WHAT TO DO -
Each line of the material should be set down exactly. Pictures are not part of the copy.

RAW DATA -
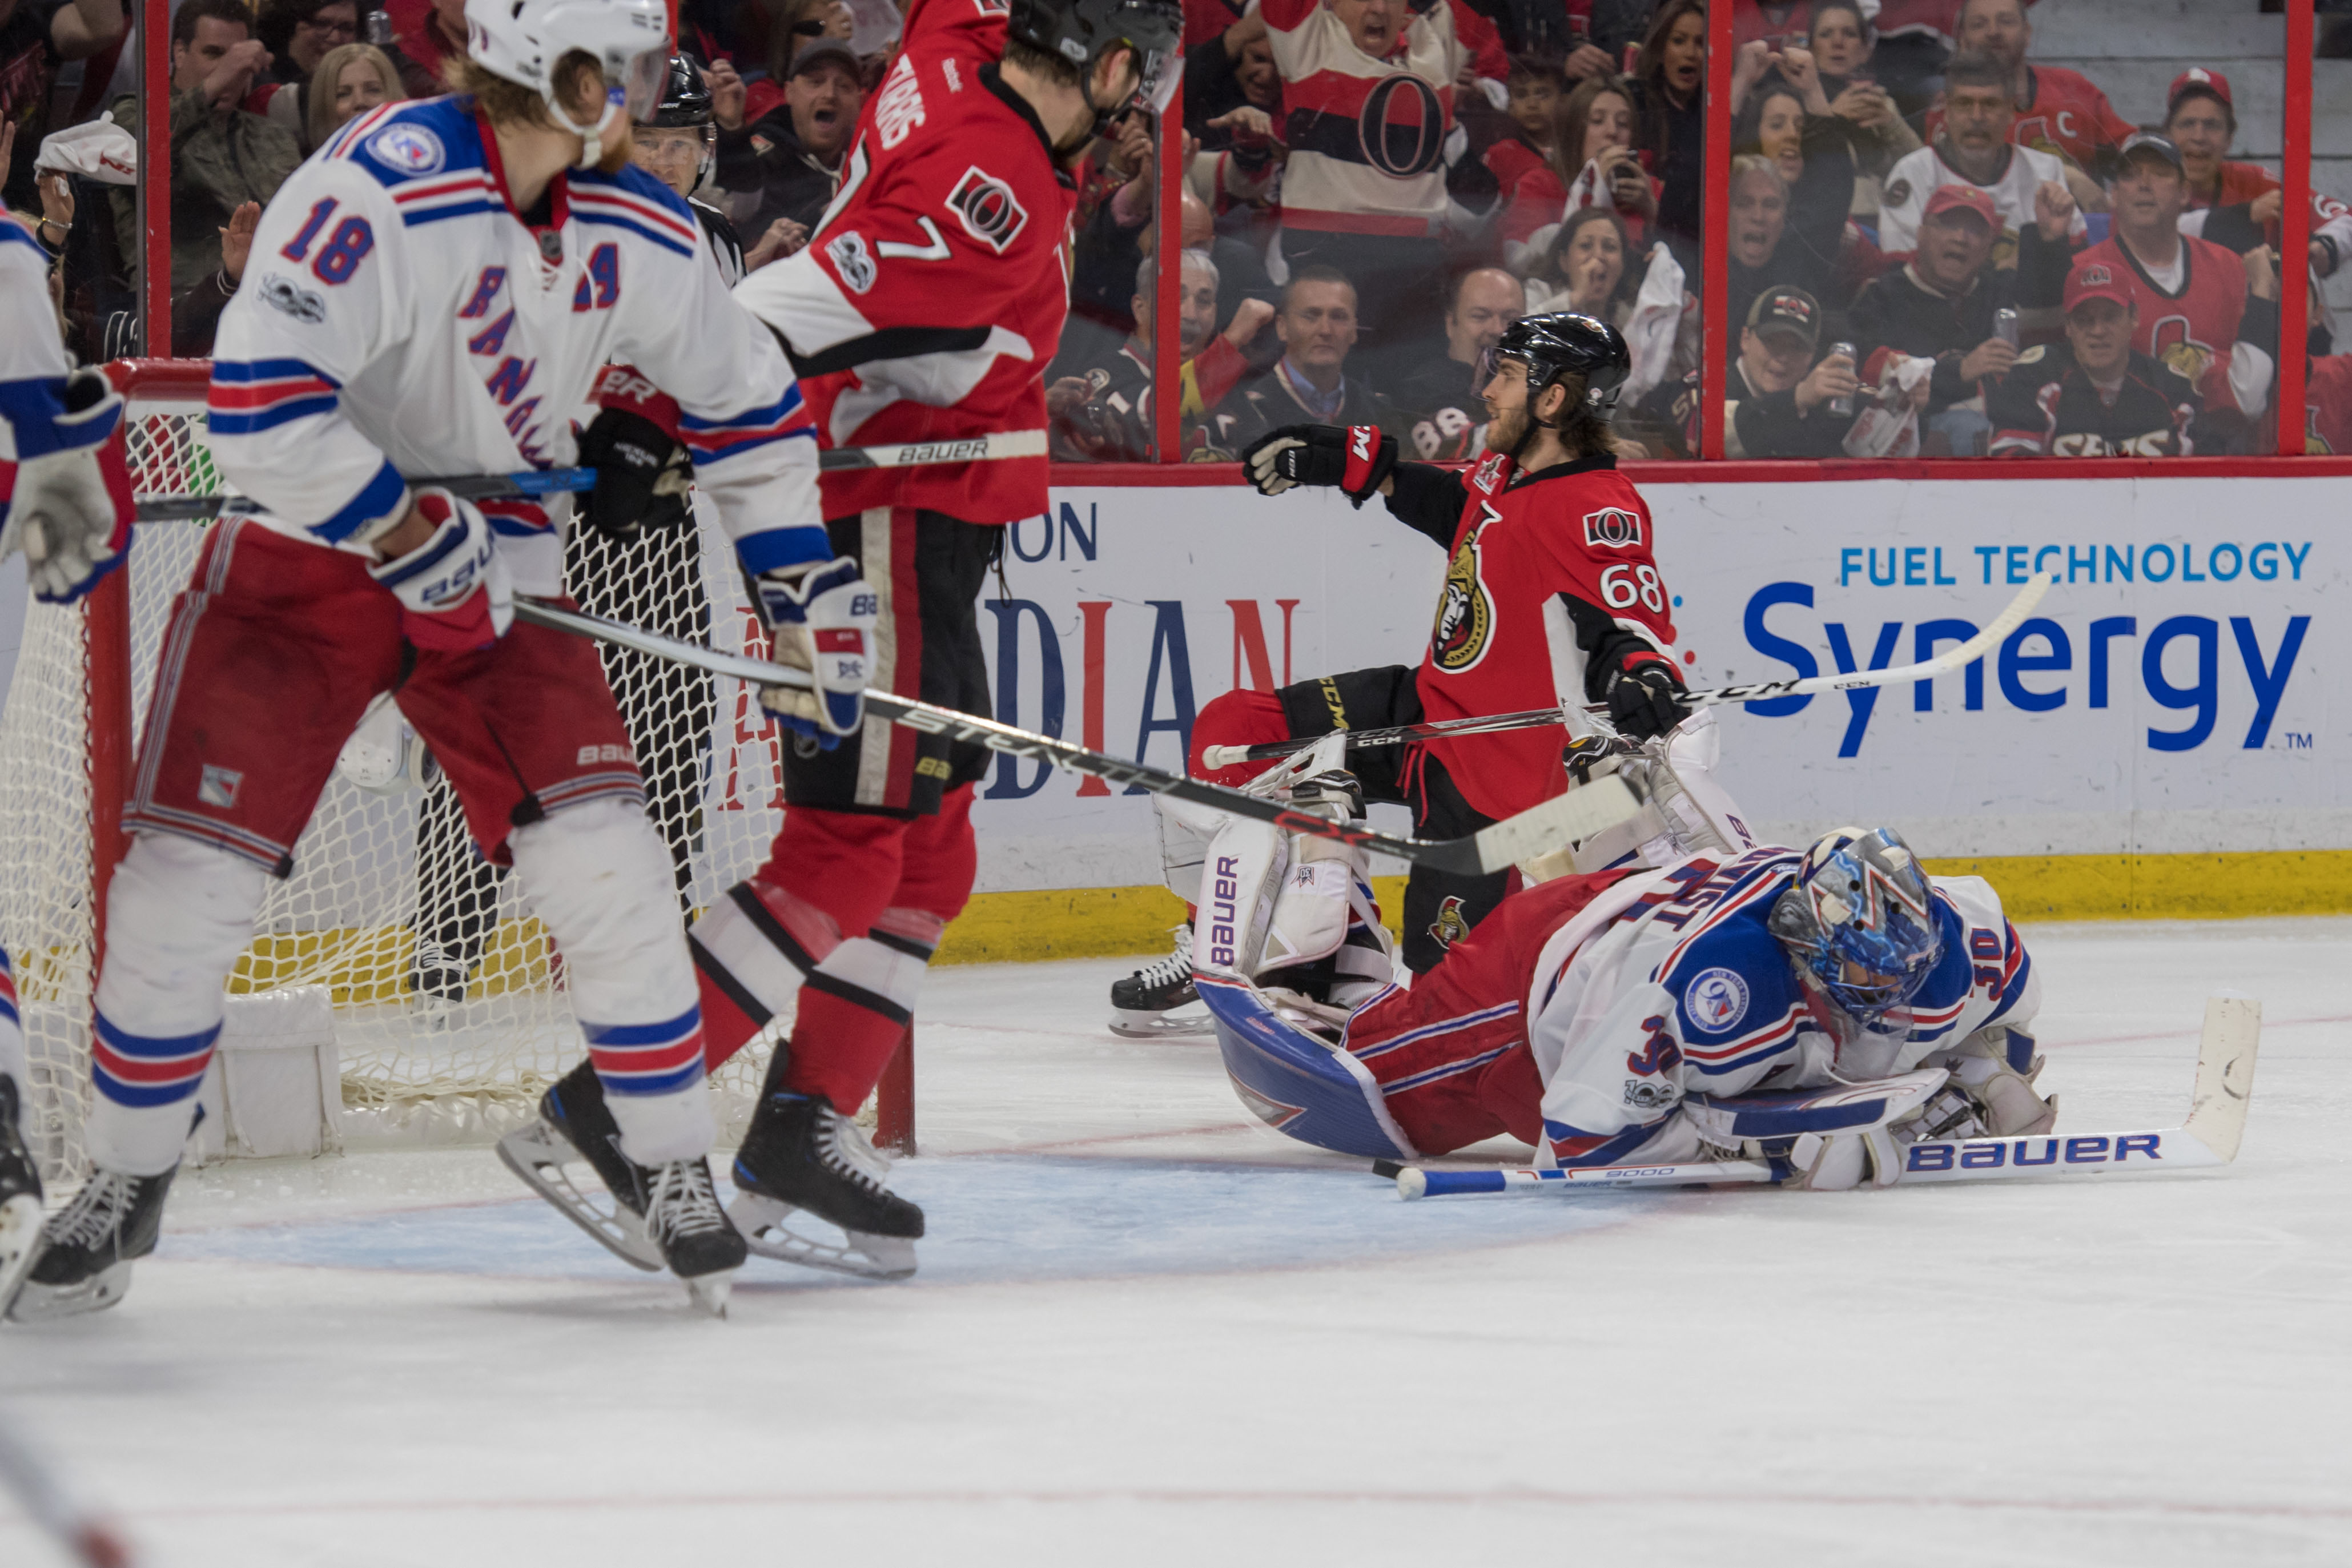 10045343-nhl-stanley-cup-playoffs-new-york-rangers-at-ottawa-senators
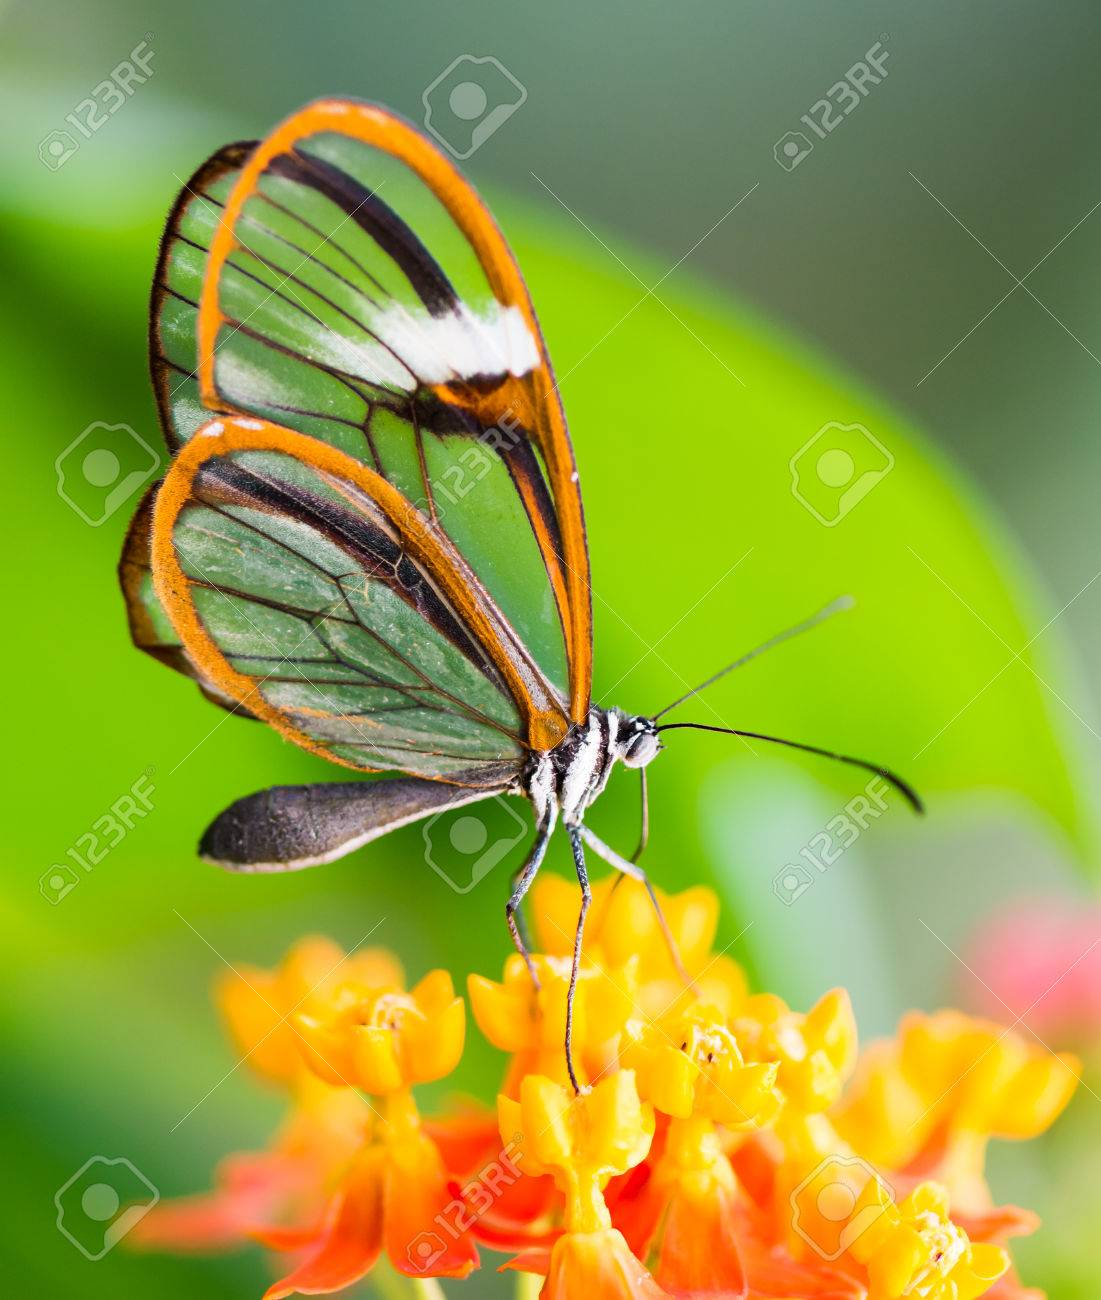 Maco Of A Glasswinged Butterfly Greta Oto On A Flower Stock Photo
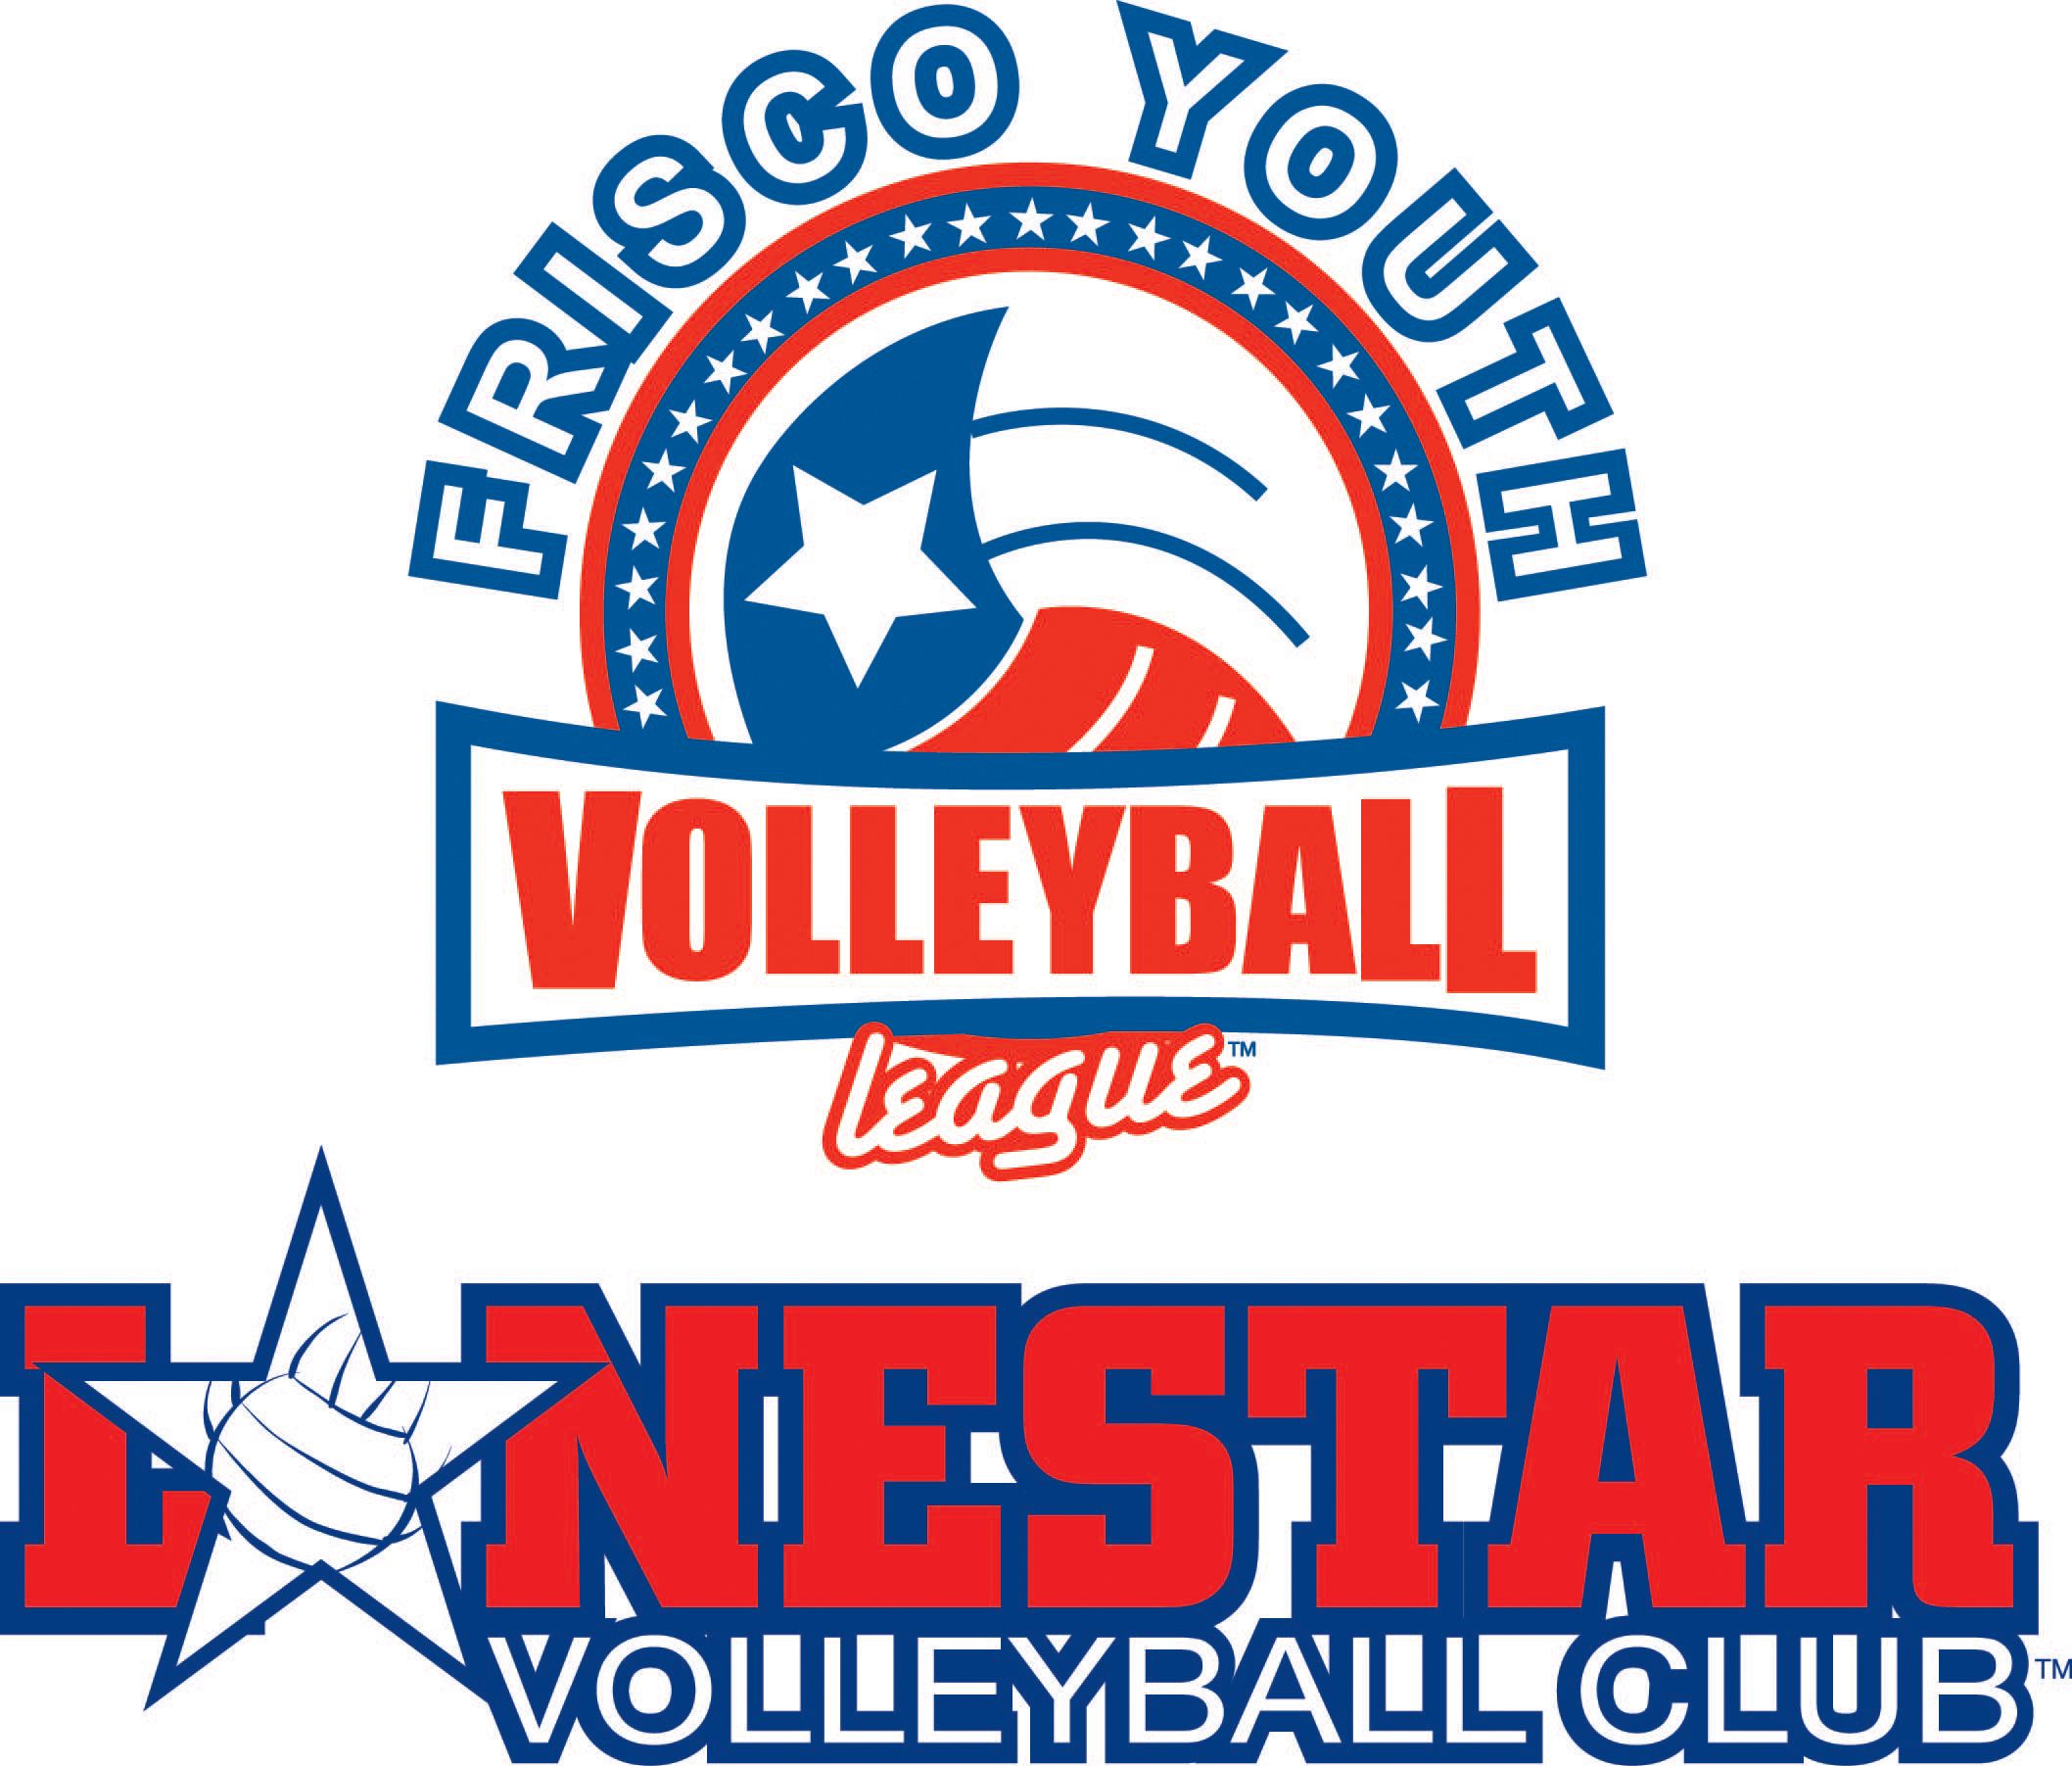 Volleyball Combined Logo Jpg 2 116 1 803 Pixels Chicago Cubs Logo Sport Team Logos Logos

TASK RESULT -
 10045343-nhl-stanley-cup-playoffs-new-york-rangers-at-ottawa-senators
 Maco Of A Glasswinged Butterfly Greta Oto On A Flower Stock Photo
 Volleyball Combined Logo Jpg 2 116 1 803 Pixels Chicago Cubs Logo Sport Team Logos Logos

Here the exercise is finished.